I think even W. V. felt it strange to see this new road so brusquely invading the ancient fields. I looked across the frank natural acres (as if they were a sort of wild creature), stretching away with their hedgerows and old trees to the blue outline of the hills on the horizon, and wondered how much longer one might see the rose-red of sunset showing through interlaced branches, or dark knots of coppice silhouetted against the grey-green breadths of tranquil twilight.

When we went a little further we caught sight among the trees of some out-buildings of the farm. What a lost, pathetic look they had!

Thinking of the stories in my book, it seemed to me that the scene before me was a figure of the change which took place when the life we know invaded and absorbed the strange mediaeval life which we know no longer, and which it is now so difficult to realise.

Slowly the afterglow faded; when you looked carefully for a star, here and there a little speck of gold could be found in the heavens; the birds were all in their nests, head under wing; white and grey moths were beginning to flutter to and fro.

Suddenly over the fields the sound of church-bells floated to us.

"Is that the Angelus, father?" asked W. V.

"No, dear; I think it must be the ringers practising."

"If it had been the Angelus, would St. Francis have stood still to say the prayer?"

"I think he would have knelt down to say it. That would be more like St. Francis."

"And would William the Conqueror?"

"Why, no; I fancy he would have taken it for the curfew bell."

"They do still ring the curfew bell in some places, don't they, father?"

"Oh yes; in several places; but, of course, they don't cover up their fires."

"I like to hear of those old bells; don't you, father?"

As we reached the end of the new road we saw the man lighting the lamp there; and we watched him going quickly from one post to another, leaving a little flower of fire wherever he stopped.
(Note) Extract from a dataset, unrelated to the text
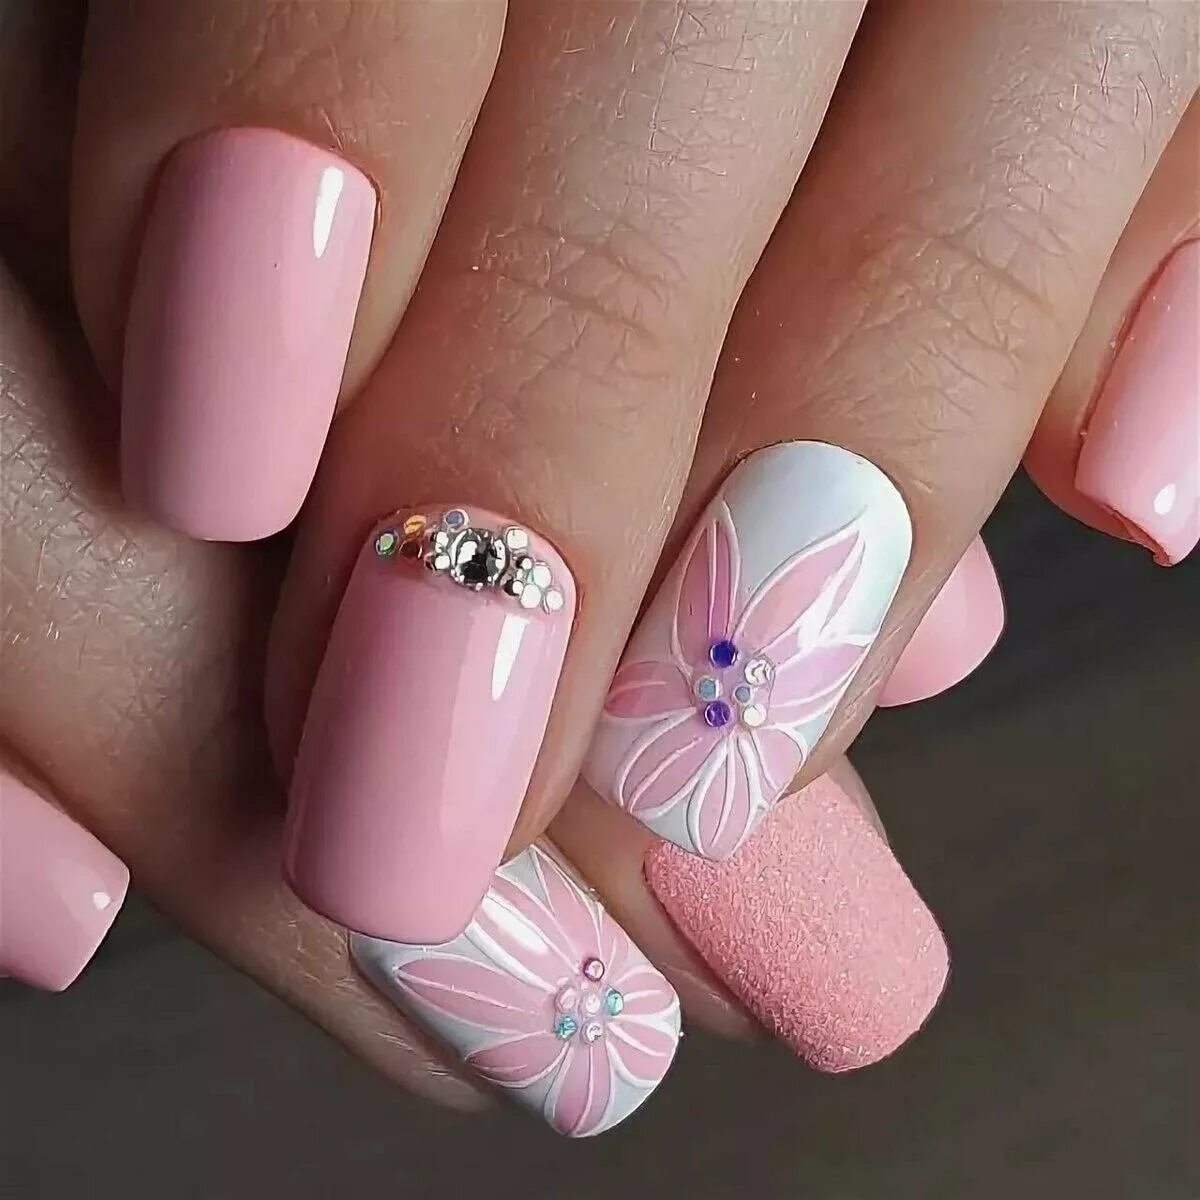 Самые красивые ногти на весну. Розовый маникюр. Р̸о̸з̸о̸в̸ы̸й̸ м̸а̸н̸и̸к̸. Красивые ногти. Красивые ногти на лето.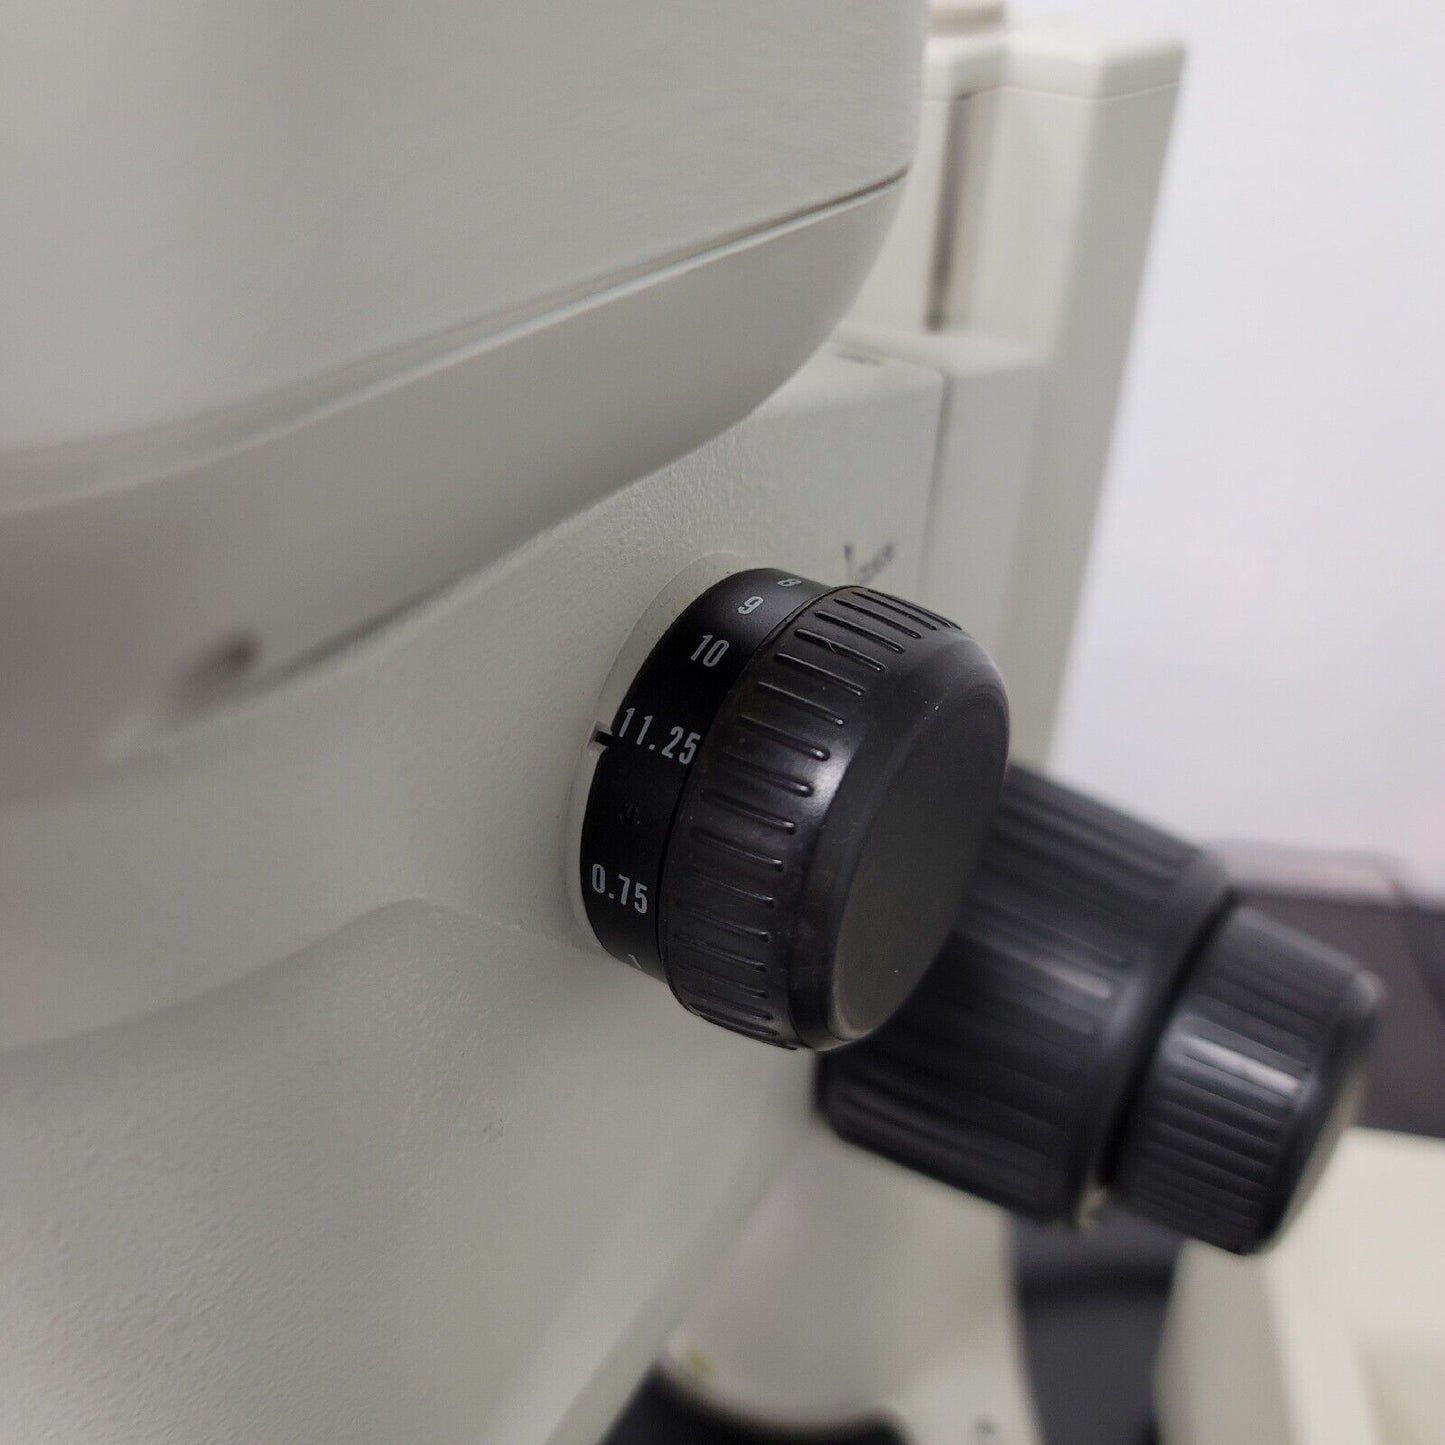 Nikon Microscope SMZ1500 with Okolab Heated Stage - microscopemarketplace

All was very quiet, and, as he went down the street, we could hear the sound of his footsteps growing fainter and fainter in the distance. All our streets, you must know, are lined with trees, trees both in the gardens and on the side-walks, and the lamps glittered among the leaves and branches like so many stars. When we passed under them we noticed how the light tinged the foliage that was nearest with a greenish ash-colour, almost like the undersides of aspen-leaves.

"Isn't it just like a fairy village?" asked W. V.

On our way down our own street I pointed silently to the Forest. High over the billowy outline of the darkened tree-tops the church of the Oak-men was clear against the weather-gleam. W. V. nodded: "I expect all the Oak boys and girls have said, 'God bless this house from thatch to floor,' and gone to bed long ago." Since she heard the story of the Guardians of the Door, that has been her own favourite prayer at bed-time.

Thinking of the lighting of the lamps after she had been safely tucked in, I tried to make her a little song about it. I don't think she will like it as much as she liked the actual lighting of the lamps, but in years to come it may remind her of that delightful spectacle.



THE LAMPLIGHTER

From lamp to lamp, from street to street, He speeds with faintlier echoing feet, A pause—a glint of light! And, lamp by lamp, with stars he marks his round.

So Love, when least of Love we dream, Comes in the dusk with magic gleam. A pause—a touch—so slight! And life with clear celestial lights is crowned.